Lansing-Dreiden is an American band and art collective founded in founded in Miami, Florida, and based in New York City.

Their body of work includes music, multimedia artwork (in the form of drawings, collages, sculpture and video), and the literary journal Death Notice. Rather than calling themselves a band, they prefer to be categorized as "a company that sees no distinction between art and commerce." (Seattle Weekly, Feb. 5, 2005)

The collective's first full-length record, The Incomplete Triangle, was self-released in 2003. Spin Magazine described it as "dreamy space rock... with a psychedelic metal twist." This was followed by an EP in 2004, A Sectioned Beam.
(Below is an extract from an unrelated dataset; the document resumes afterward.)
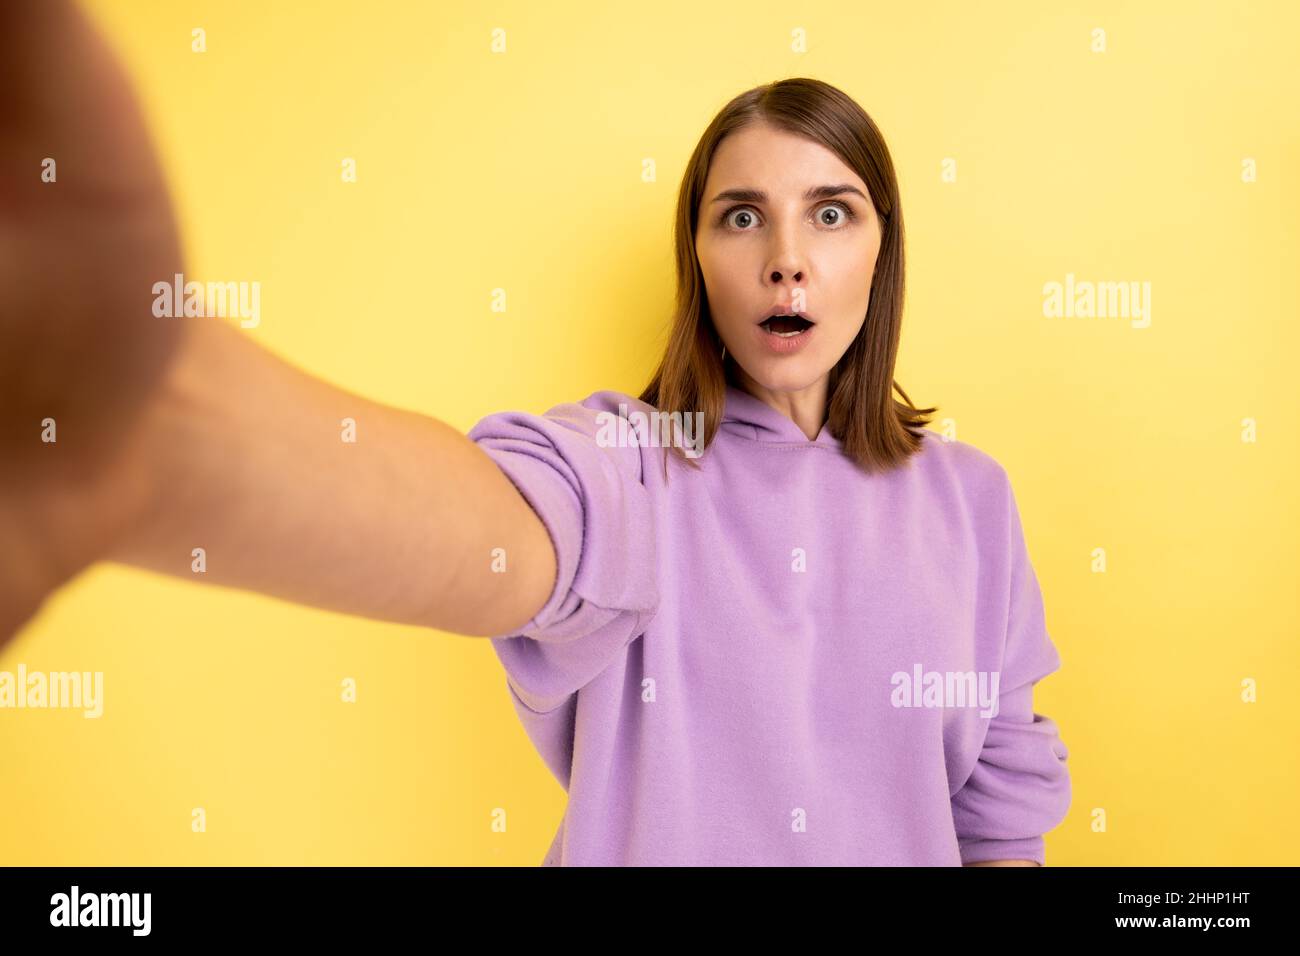 Ritratto di donna sorpresa prendendo selfie con espressione facciale scioccata, guardando con occhi grandi e bocca aperta, POV, indossando felpa con cappuccio viola. Studio interno girato isolato su sfondo giallo. Foto Stock

The EP was praised by Time Out New York as "an airtight example of textbook pop perfection." Both titles were reissued by Kemado Records in 2004.

Lansing-Dreiden's most recent full length was The Dividing Island, released in 2006. A music video was released for the single "A Line You Can Cross," though the band performing in the video was not Lansing-Dreiden. 2006 also saw the release of D.I. By D.D., a remix album of The Dividing Island produced by Dazzle D.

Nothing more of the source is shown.